Defense Secretary Harold Brown has roused admirals to battle stations by telling them to tailor future Navy forces for "localized contingencies" rather than a big war in Europe.
Navy leaders fear Brown's recently issued secret guidance paper, which The Washington Post has obtained, will downgrade their service and jeopardize the future of highly prized aircraft carriers.
Brown's Navy guidance paper is certain to reopen the congressional debate over carriers, with this week's hearings by the House Armed Services Committee the likely starting point.
Brown makes these points in his secret paper designed to guide Navy leaders as they plan for the years 1980 through 1984:
The 12 Navy aircraft carriers now deployed and their 180 to 240 escort and support ships represent an investment of $100 billion to $120 billion. "Carriers, more than any other force element, determine the size and cost of the Navy."
It would be less expensive to rely on land-based rather than carrier planes to control the Mediterranean on the southern flank of NATO.
Using carriers to defend the North Atlantic against Soviet Backfire bombers would "unfortunately" make "the carriers themselves prime targets for the Backfires."
Land planes based in England, Iceland, the Azores and Greenland could provide "the same or better protection" against Backfires at less cost than carriers.
Reducing the number of carrier task forces from 12 to 10 would save $1.2 billion a year in operting costs and $16 billion to $20 billion in future construction costs.

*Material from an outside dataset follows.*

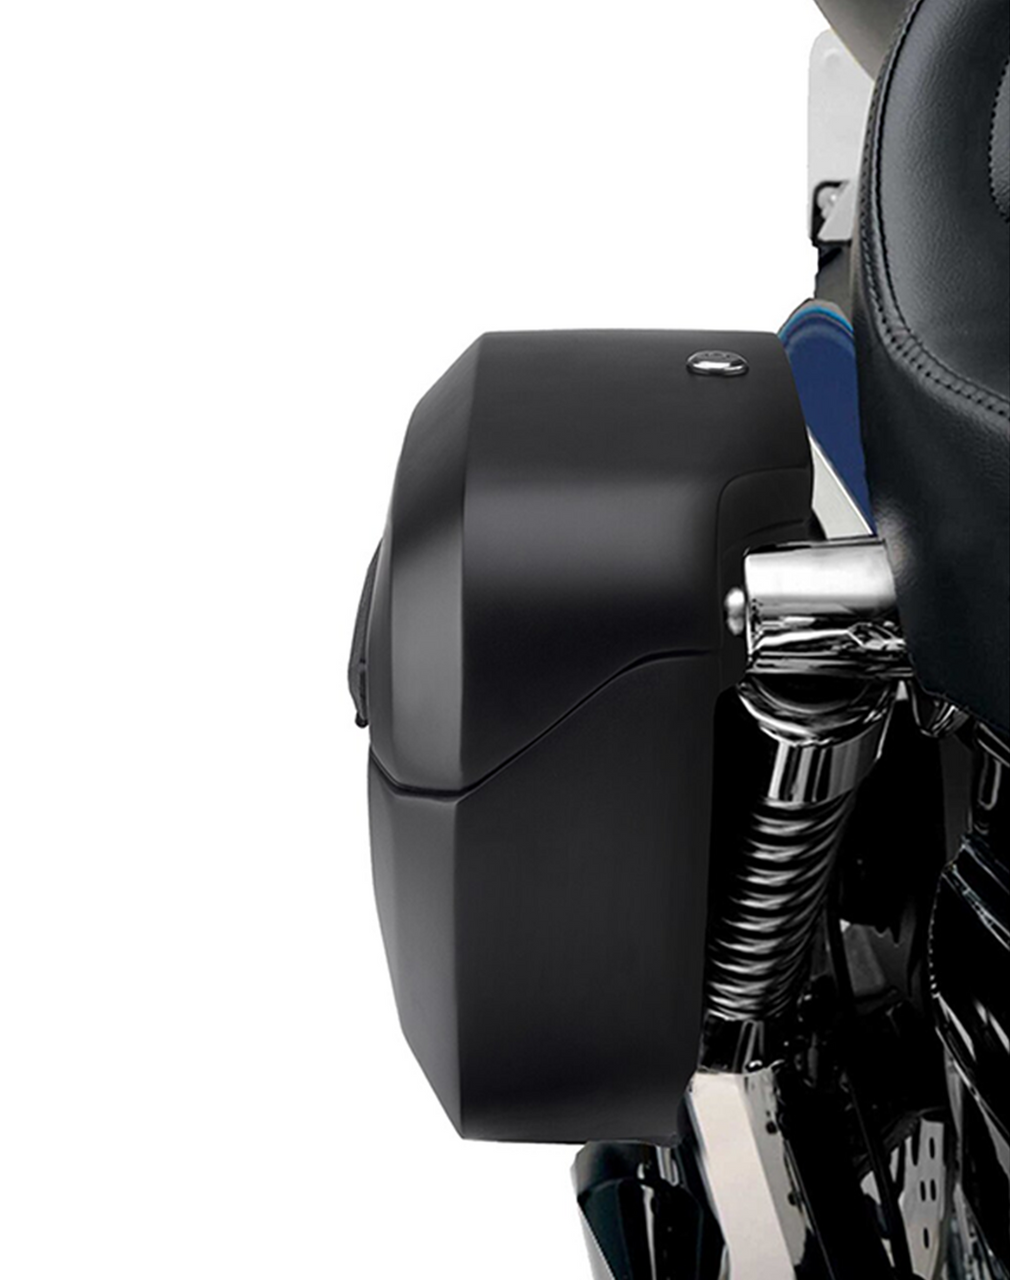 VikingBags Lamellar Large Shock Cutout Honda Shadow Aero ABS VT750CS Matte Motorcycle Hard Saddlebags Shock Cutout View

Citing the cost of carriers and their vulnerability to Soviet forces in a European war, Brown gave Navy leaders this guidance:"The Navy should plan carriers, surface combatants, direct support submarines, underway replenishment groups and amphibious forces for localized contingencies outside of Eucess.)

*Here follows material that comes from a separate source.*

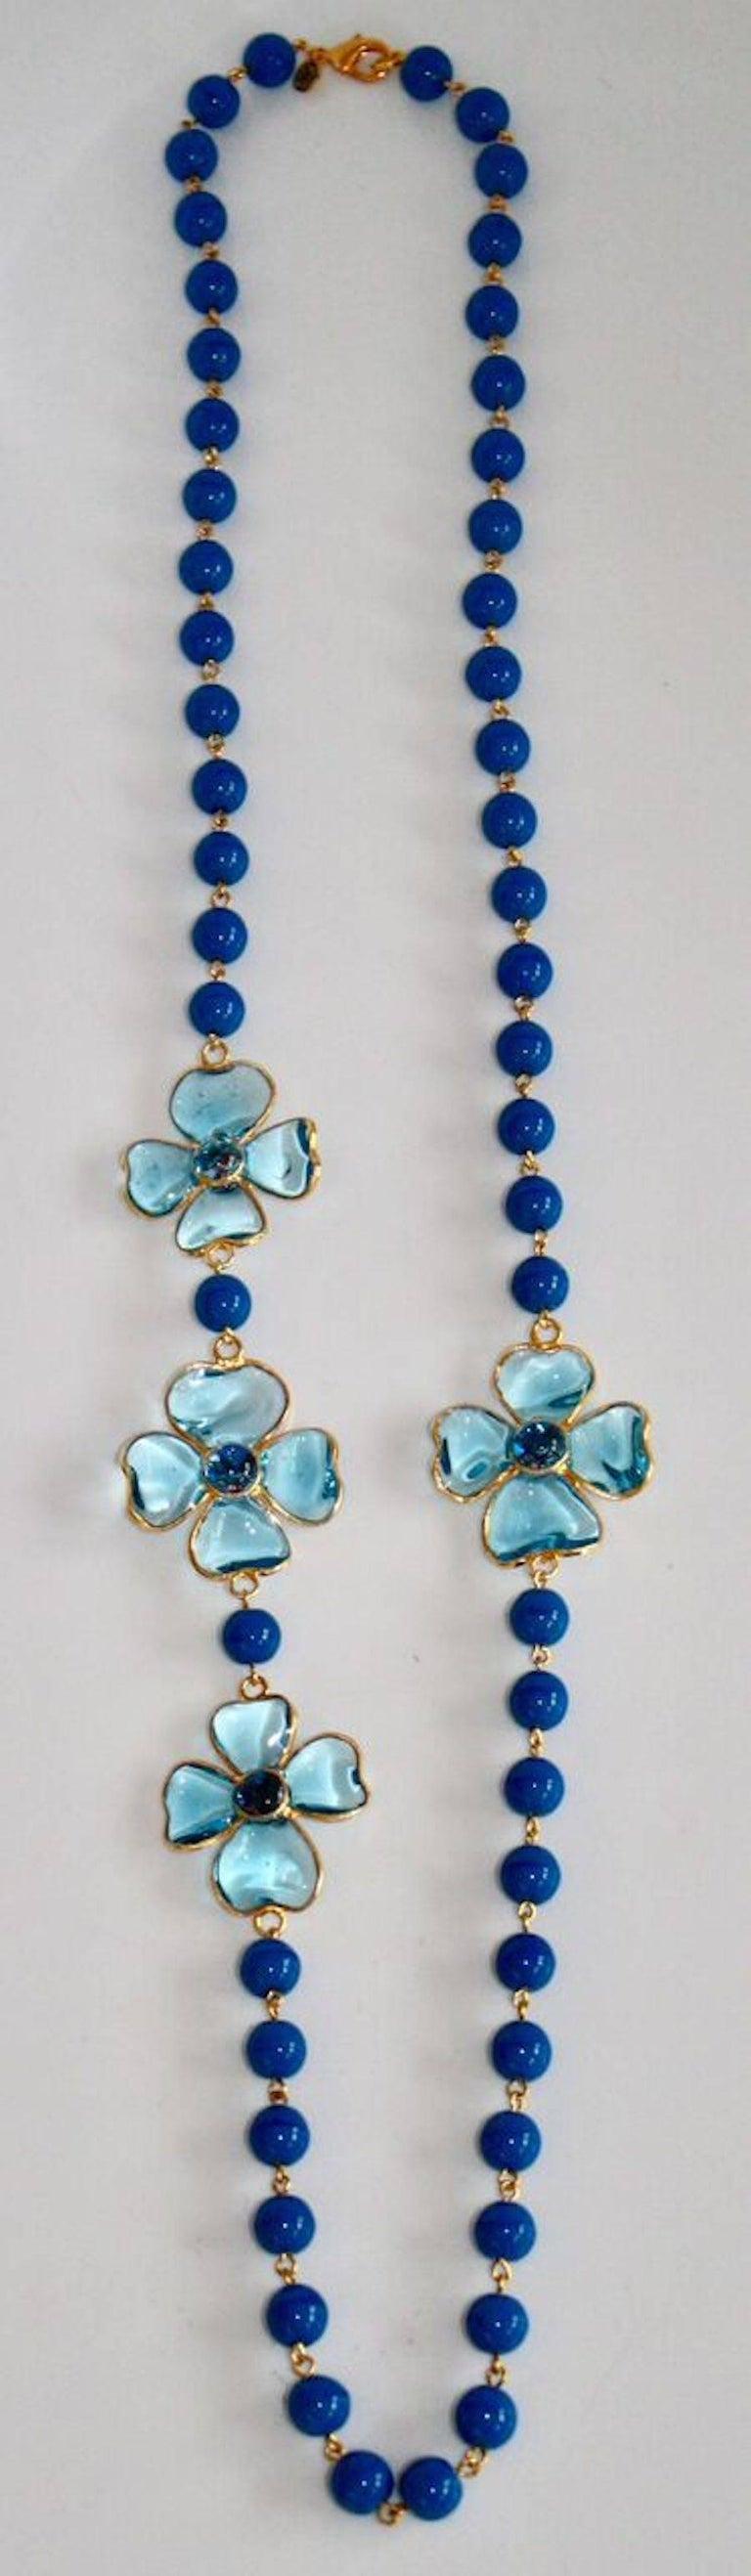 Francoise Montague Blue Pate de Verre Glass Amalfi Necklace In New Condition For Sale In Virginia Beach, VA

"No new carriers should he bought unti the feasibility has been decided" of finding a home port for them in Europe, rather than rotating carriers between East Coast ports and the Mediterranean. (The Navy has explored this option before, with no success.

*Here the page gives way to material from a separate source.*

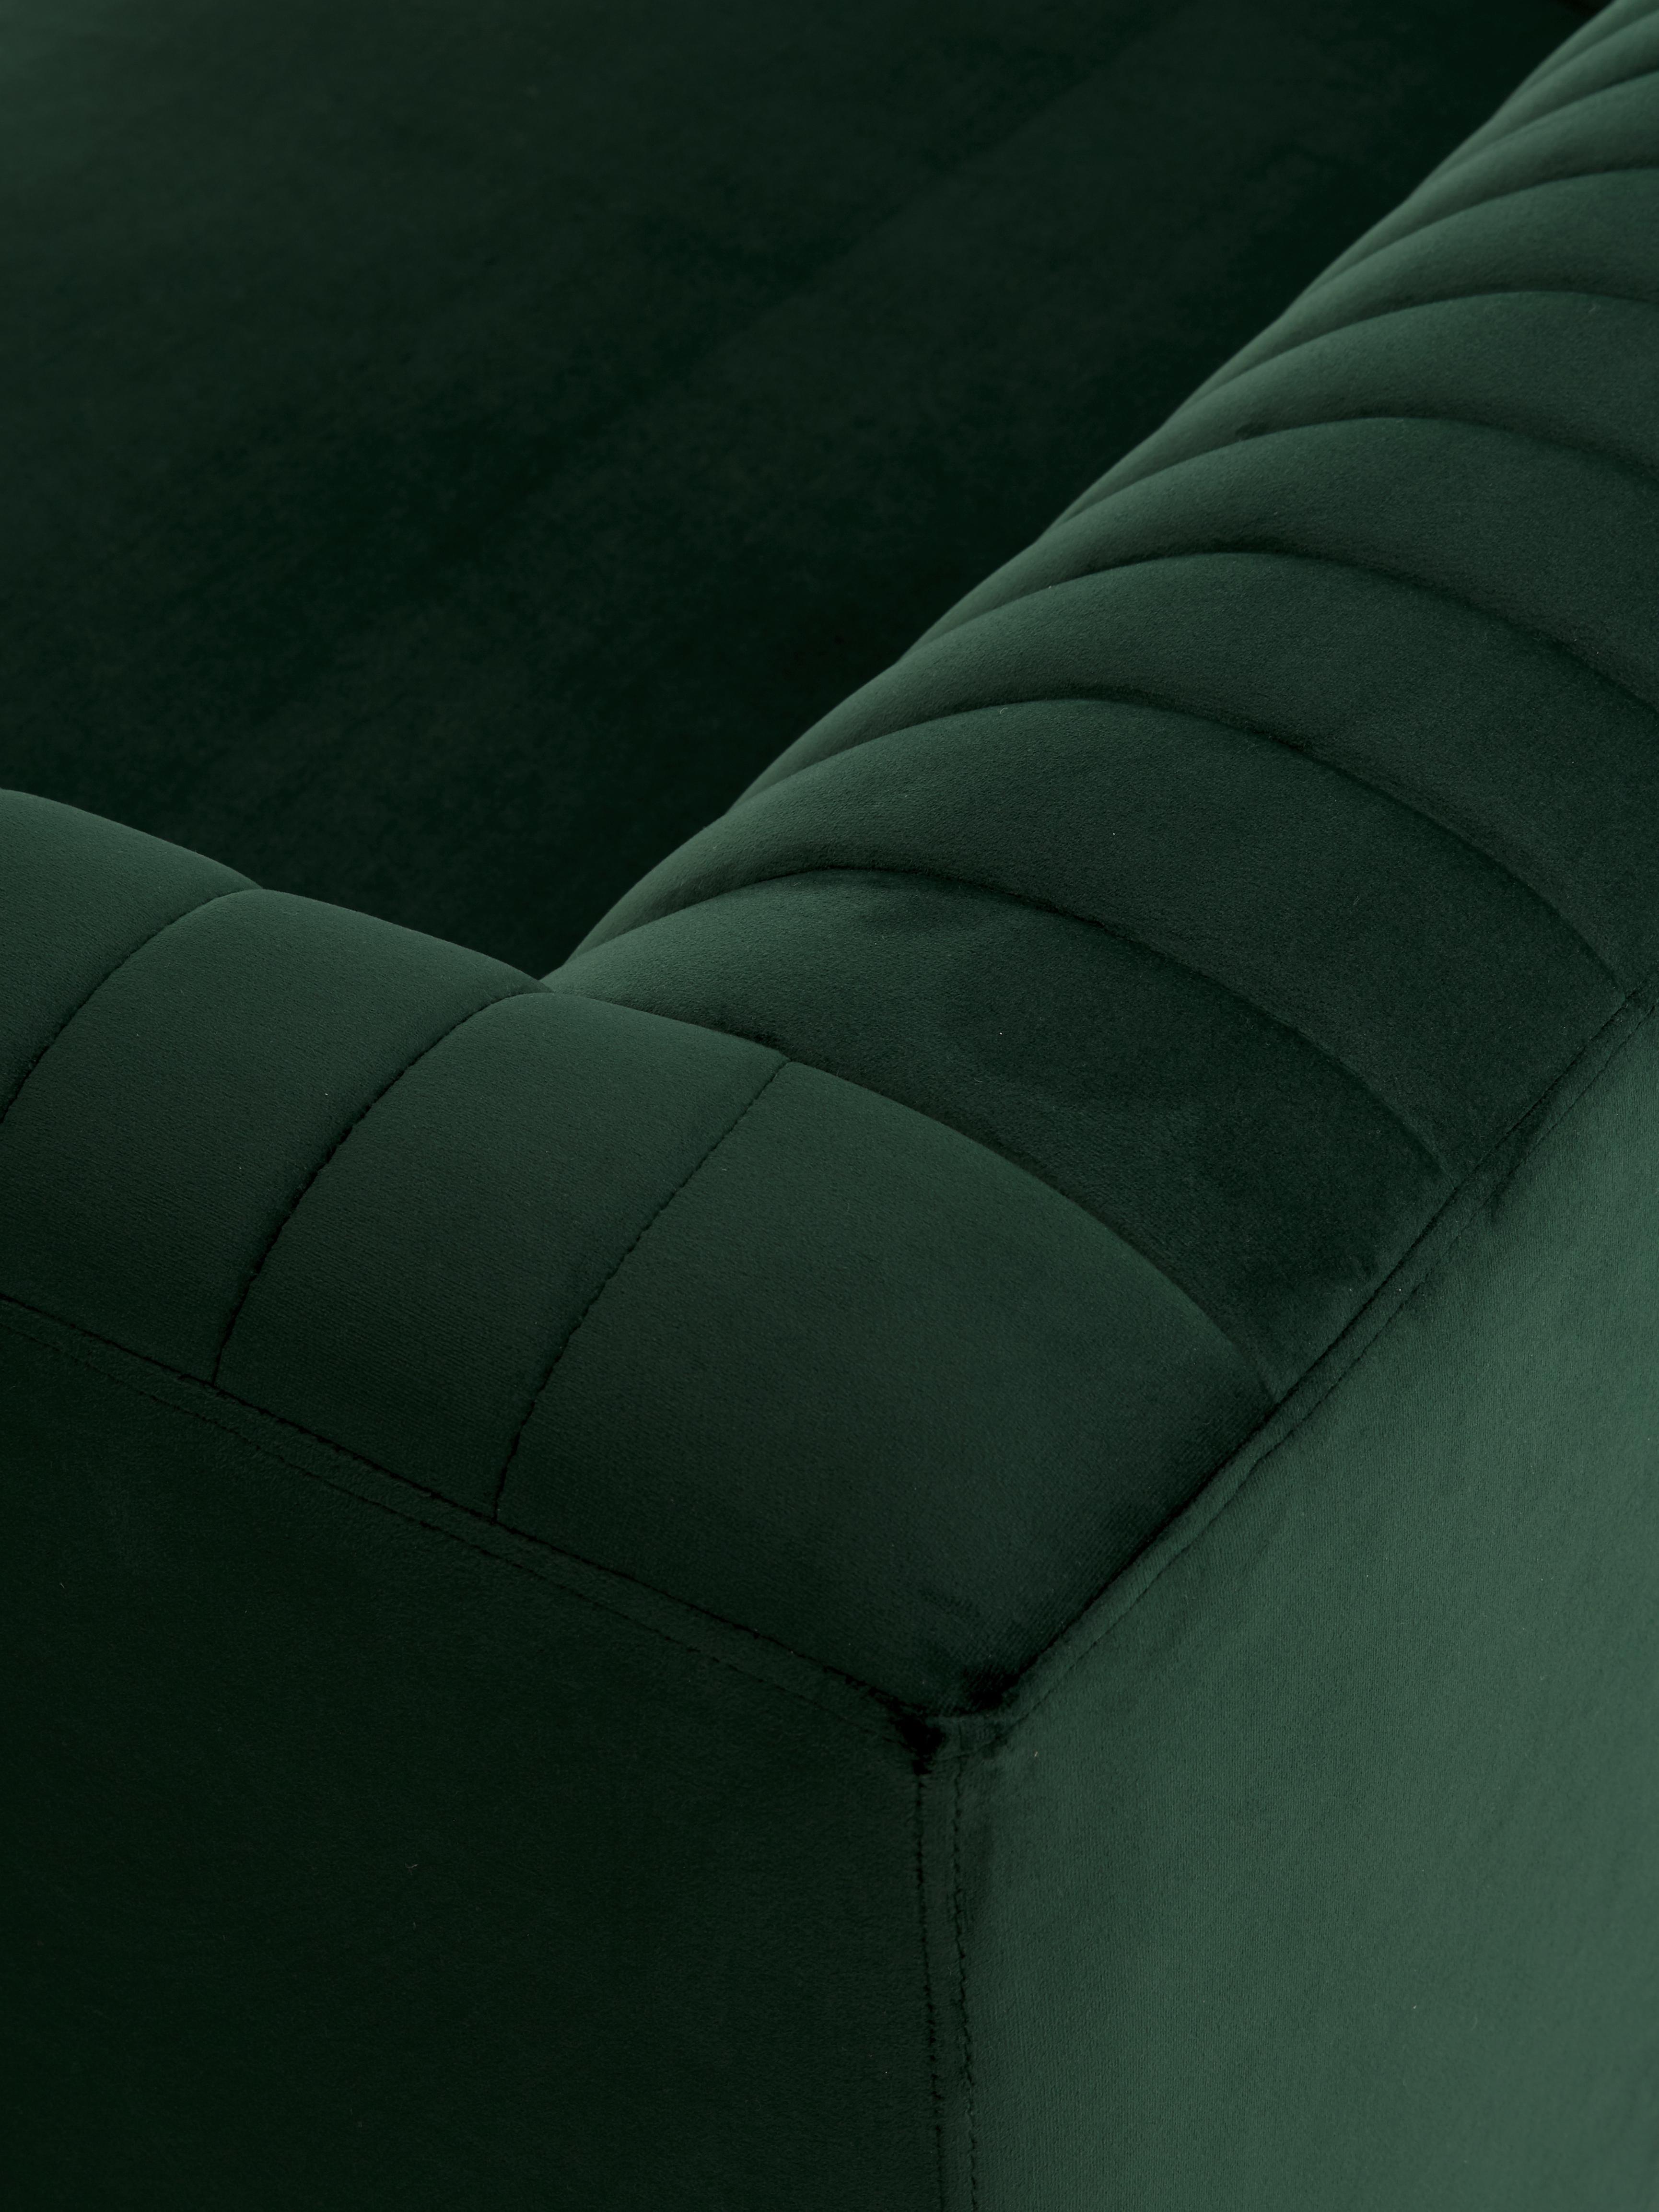 Samt-Sofa Dante (3-Sitzer), Bezug: Polyestersamt, Gestell: Kautschukbaumholz, klarla, Samt Grün, B 210 x T 87 cm

Brown's guidance was contained in Section L of a thick package of papers sent to all the service chiefs. They have been asked for comments, to form the basis of possible amendments.
Some of Brown's guidance to the Navy conflicts with the thinking of not only many admirals but top civilian leaders.
Navy Secretary W. Graham Claytor and Undersecretary James Woolsey, for example, have unsuccessfully been pressing Brown to cancel the Northrop F-18 fighter plane now under development and to spent more money on planes that can take off and land vertically - V/STOL aircraft.
But Brown, in one of his guidance papers now circulating in the Pentagon, flatly rejects that advice.
"The Department of the Navy is to continue" to build fighter and attack versions of the F-18, Brown states. "The F-18 will equip six of the Navy's 24 active fighter squadrons and all Marine fighter squadrons."
As for the AV-8B Harrier V/STOL fighter the Marines want to buy in quantity, Brown said that only if tests show it to be "actually superior in cost-effectiveness to the A-18" will he "consider producing it for Marine light attack squadrons."
House Speaker Thomas P. O'Neill Jr. (D-Mass.) has been highly protective of the F-18; its engines are built in the General Electric plant in Lynn, Mass.
Brown has summarized his overall military strategy and guidance in a document The Washington Post quoted on Thursday. On Friday White House press secretary Jody Powell told reporters in reference to The Post's article that "you are dealing with a draft of a section from a planning document."